The Roux family confirmed that Albert had been unwell for some time and sadly passed away on January 4. His son, MasterChef star Michel Roux Jr said that his dad’s ‘sheer love of life and passion for making people happy through food’ would be missed. He said: ‘He was a mentor for so many people in the hospitality industry, and a real inspiration to budding chefs, including me.’ The Roux family asked for privacy at this time. Gordon Ramsay, who was trained by Roux, was among the first to pay tribute. He wrote on Instagram: ‘So so sad the hear about the passing of this legend , the man who installed Gastronomy in Britain, we’ve shared the same office for the last decade and walking up those stairs today is going to be really difficult, thank you Albert for everything you gave me, God Bless you Chef.’

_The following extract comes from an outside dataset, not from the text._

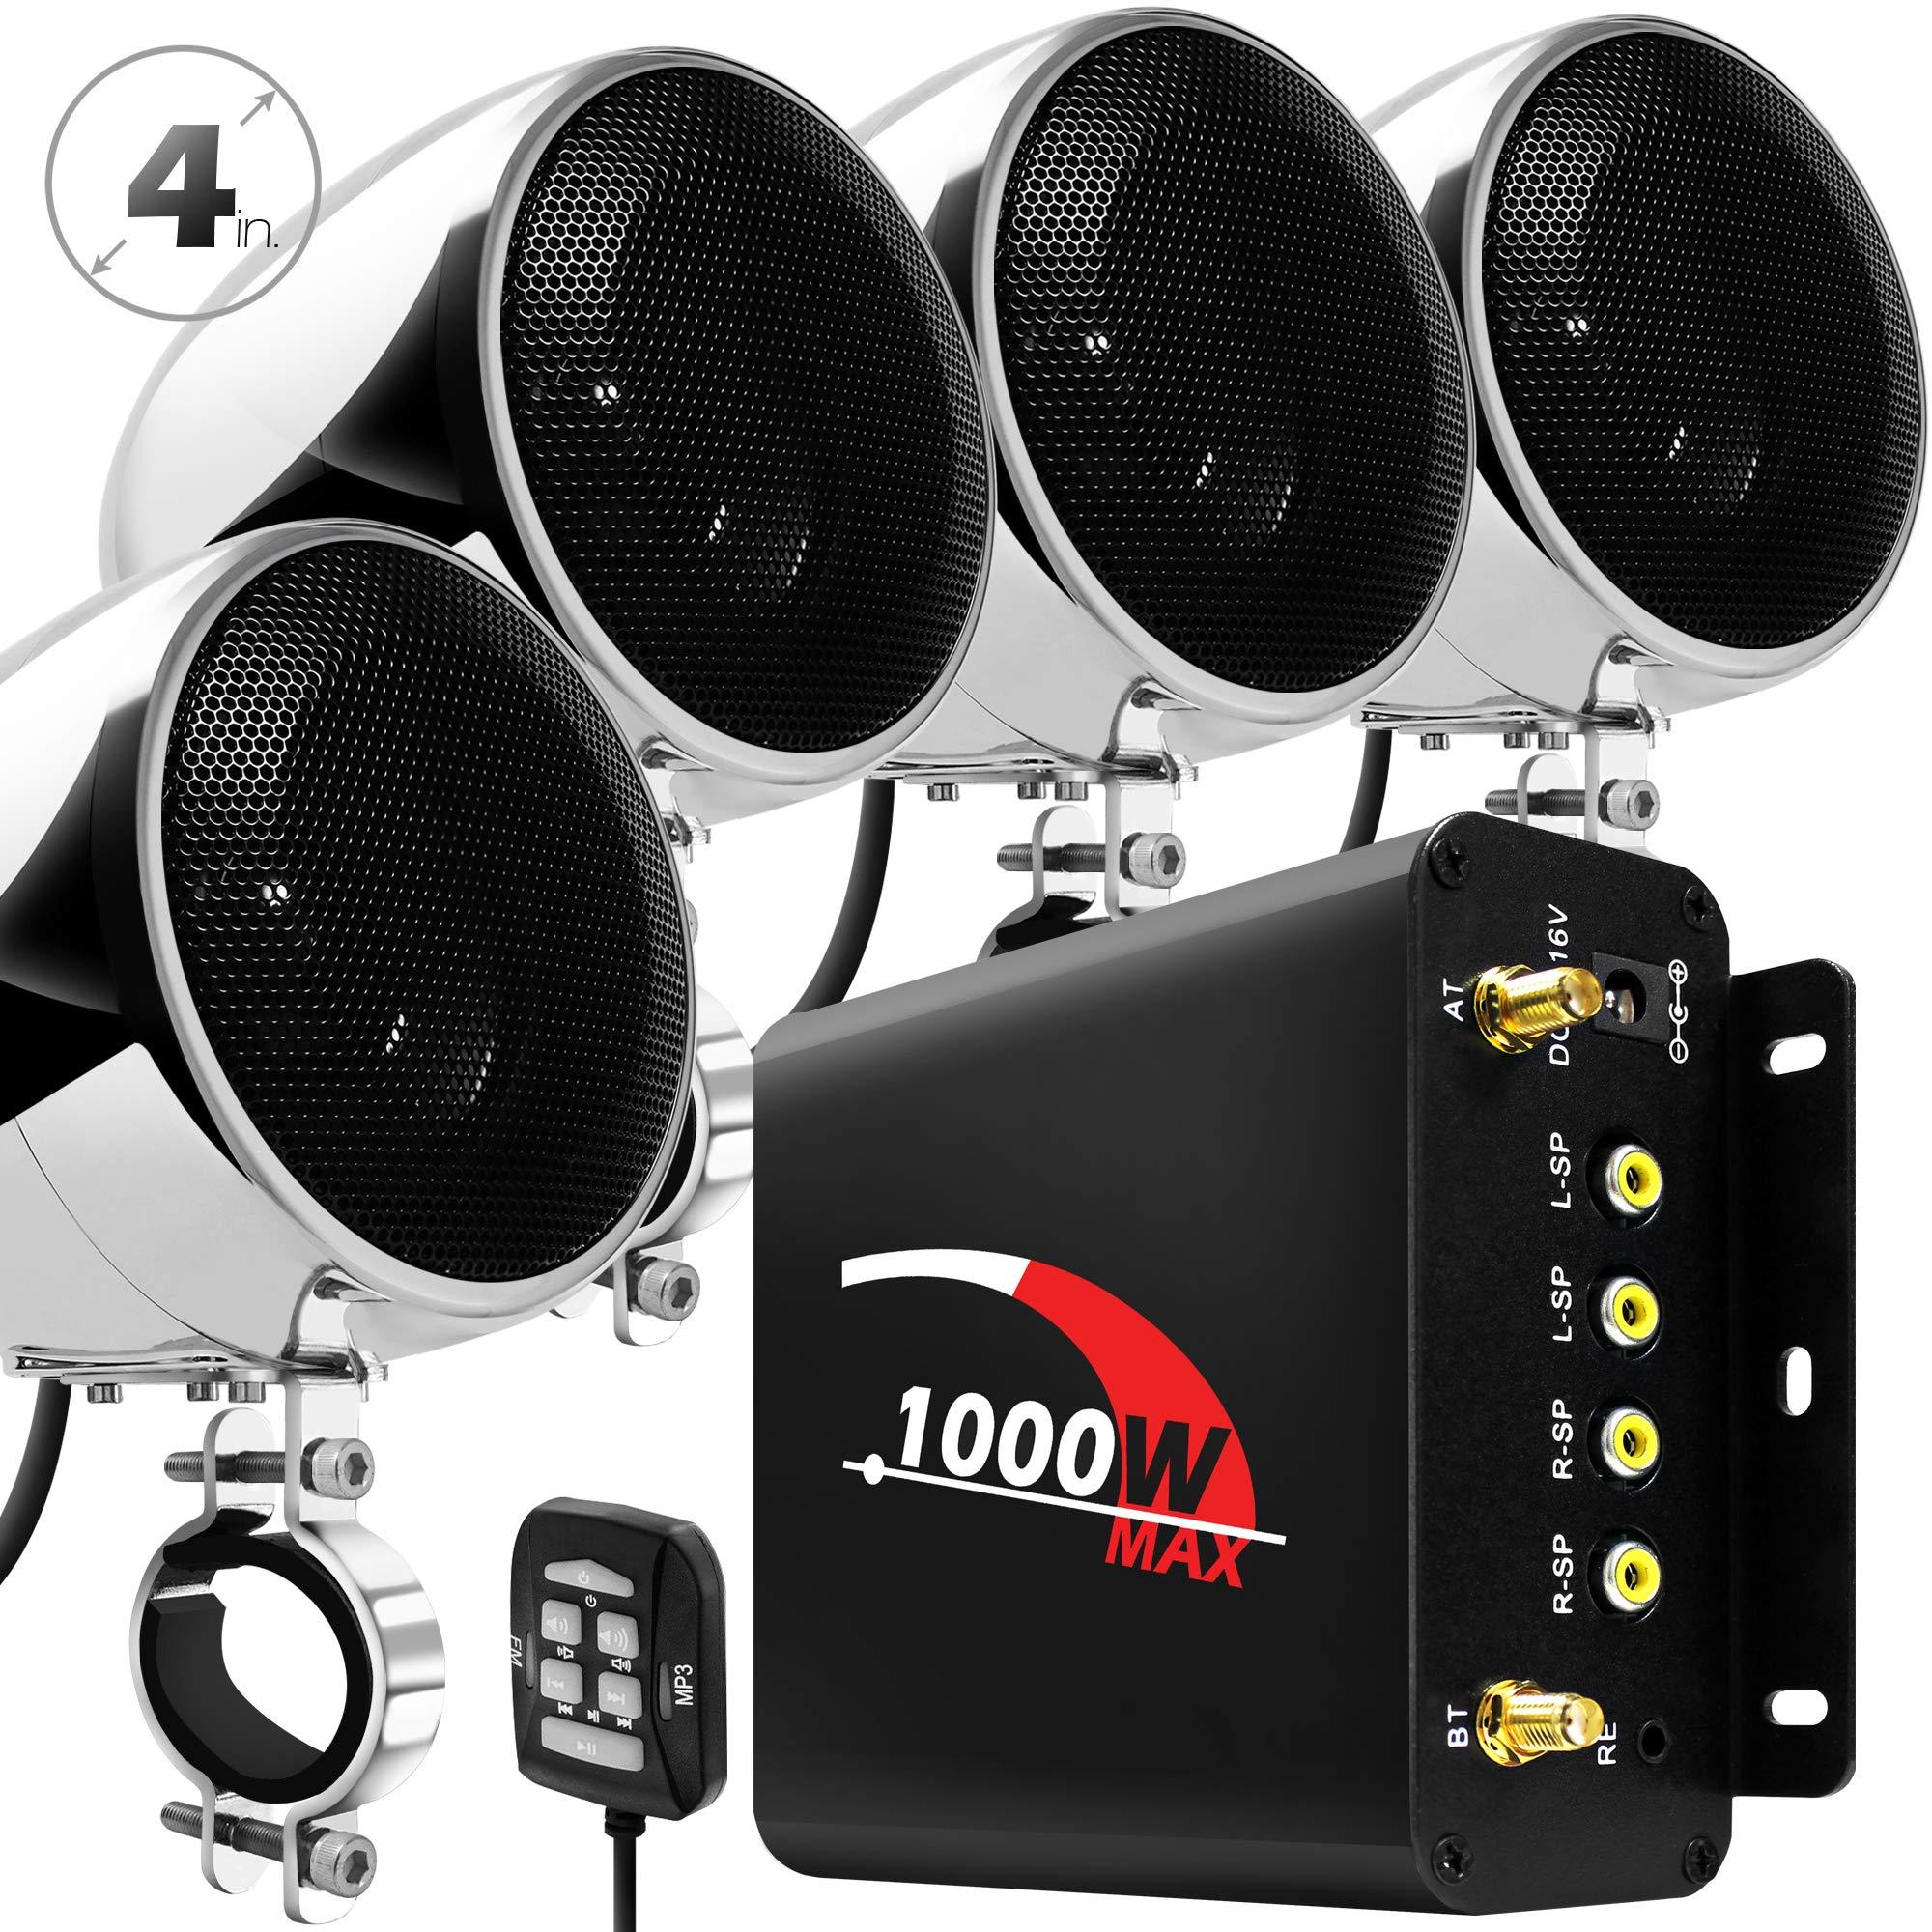 GoHawk TN4-Q 1000W 4 Channel Amplifier 4'' Full Range Waterproof Bluetooth Motorcycle Stereo Speakers Audio System AUX USB SD Radio for 1-1.5'' Handlebar Harley Touring Cruiser ATV

Chef James Martin said: ‘Such a sad start to the year… Albert Roux was a true titan of the food scene in this country and inspired and trained some of the best and biggest names in the business. ‘RIP and today I will open a bottle of the finest red and raise a glass… in fact the bottle to you and your brother and say thank you for everything. My thoughts to all the Roux family and friends.’ Food critic Jay Rayner tweeted: ‘Albert Roux was an extraordinary man, who left a massive mark on the food story of his adopted country. The roll call of chefs who went through the kitchens of Le Gavroche alone, is a significant slab of a part of modern UK restaurant culture. RIP.’ Roux was best known for opening the London restaurant Le Gavroche with his brother Michel, which became the first restaurant in the UK to gain three Michelin stars. Enam Ali MBE, founder of The British Curry Awards said: “He brought fine dine cooking to the UK with his brother Michel. Both brothers made gastronomic history when their restaurant Le Gavroche became the first in Britain to earn three Michelin Stars. I met him in 1990 at the Bournemouth University and he was a great inspiration figure to the whole British hospitality industry. I would like to pass on my deepest condolences to the Roux family on their loss.”

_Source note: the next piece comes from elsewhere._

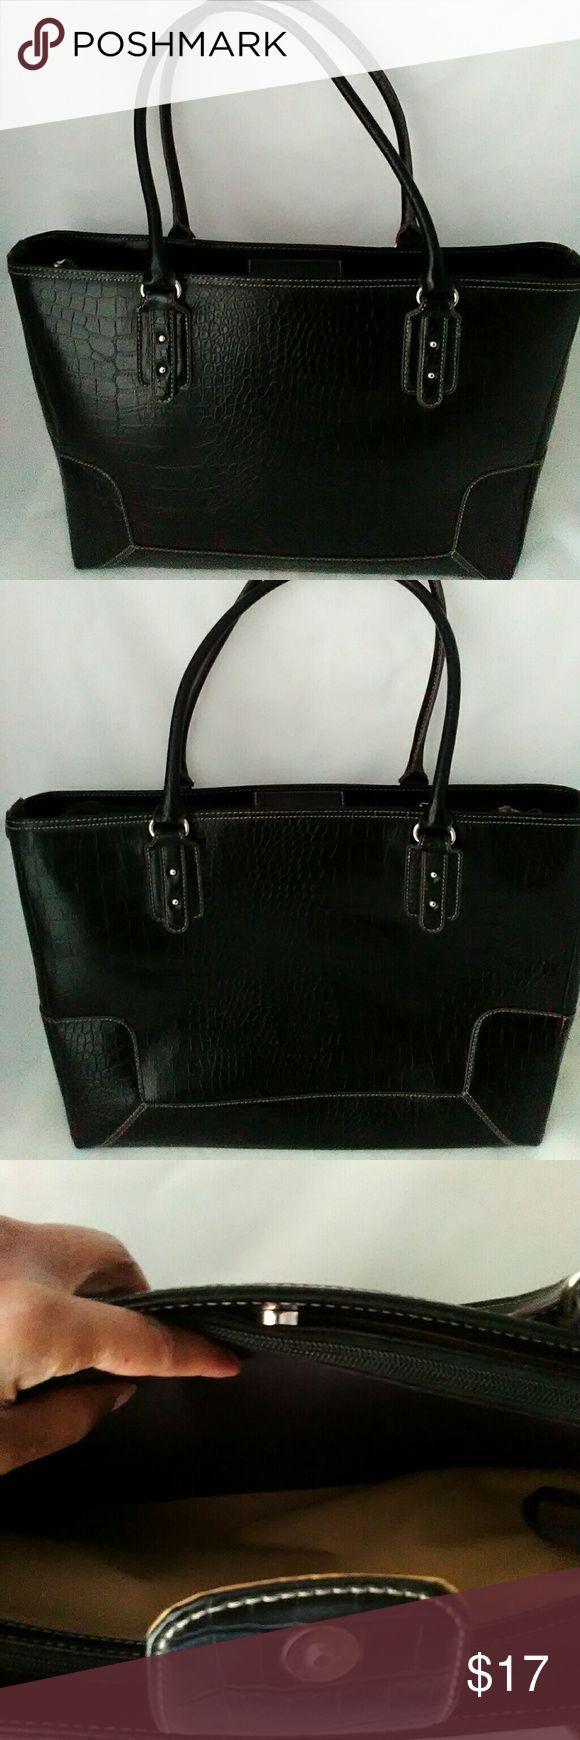 Apostrophe black laptop case tote bag Apostrophe black laptop tote bag case Bags Laptop Bags

He was also responsible for training some of the UK’s most famous chefs, including Gordon Ramsay, Marcus Wareing and Marco Pierre White. Born in 1935 at Semur-en-Brionnais, in the region of Saone et Loire in France, Roux began working as an apprentice patissier aged 14, and moved to the UK at 18 where he worked his way up the culinary ladder. After serving time in the military in Algeria, Roux worked as a sous chef at the British Embassy in Paris before returning to the UK. In 1967, he and his brother Michel opened Le Gavroche on Lower Sloane Street with just £3,000 each, borrowing the rest, and worked together, taking turns in the dining room and the kitchen.

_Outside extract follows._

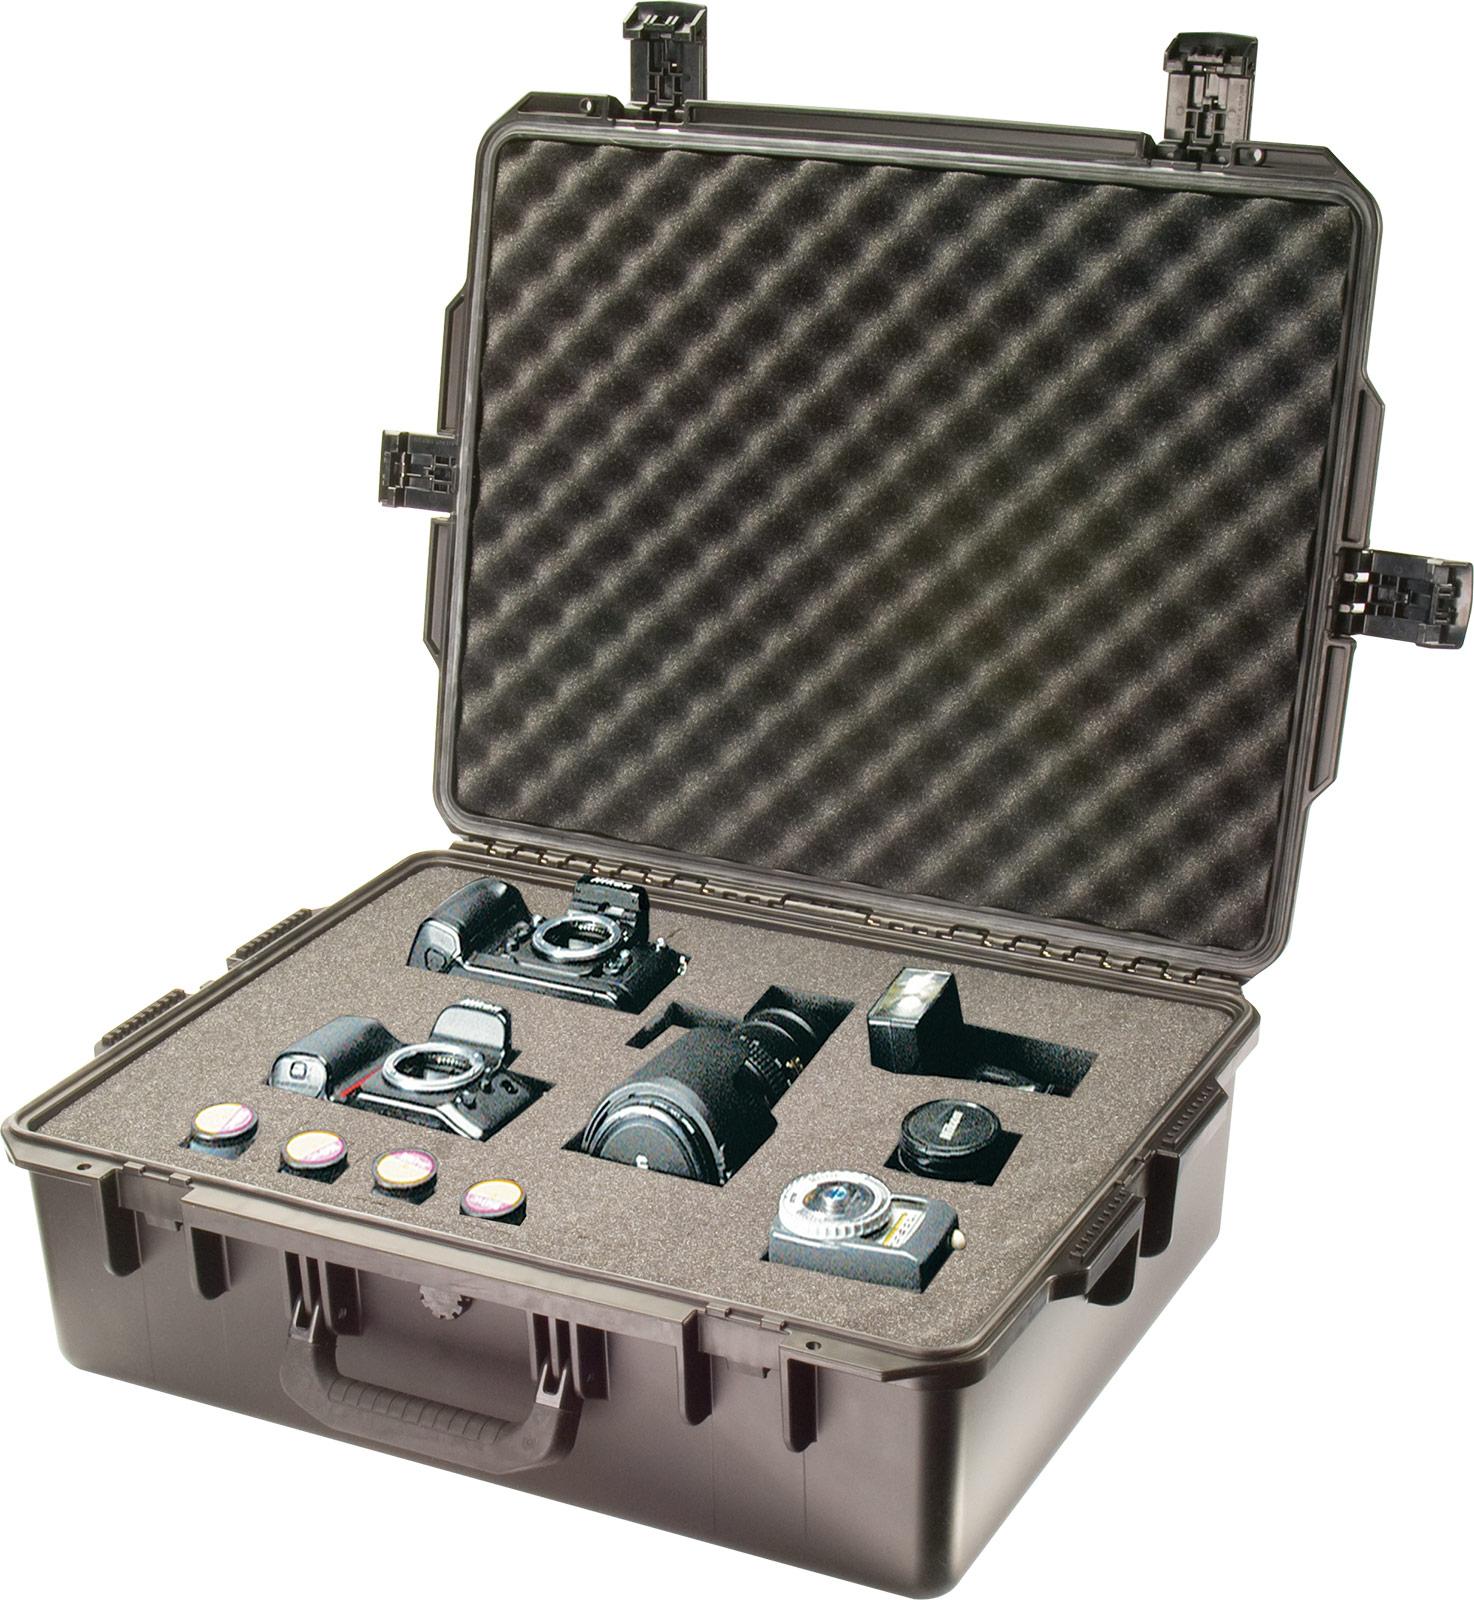 pelican im2700 storm large dslr camera case

However, the gamble paid off and in 1982, the brothers received three Michelin stars, making Le Gavroche the first restaurant in the UK to achieve the feat. In 1984, Albert and Michel set up the Roux Scholarship to give up and coming chefs the chance to work in Michelin-starred kitchens for three-month placements. Chefs who won the prize over the years include Sat Bains, Andrew Fairlie and Steve Drake.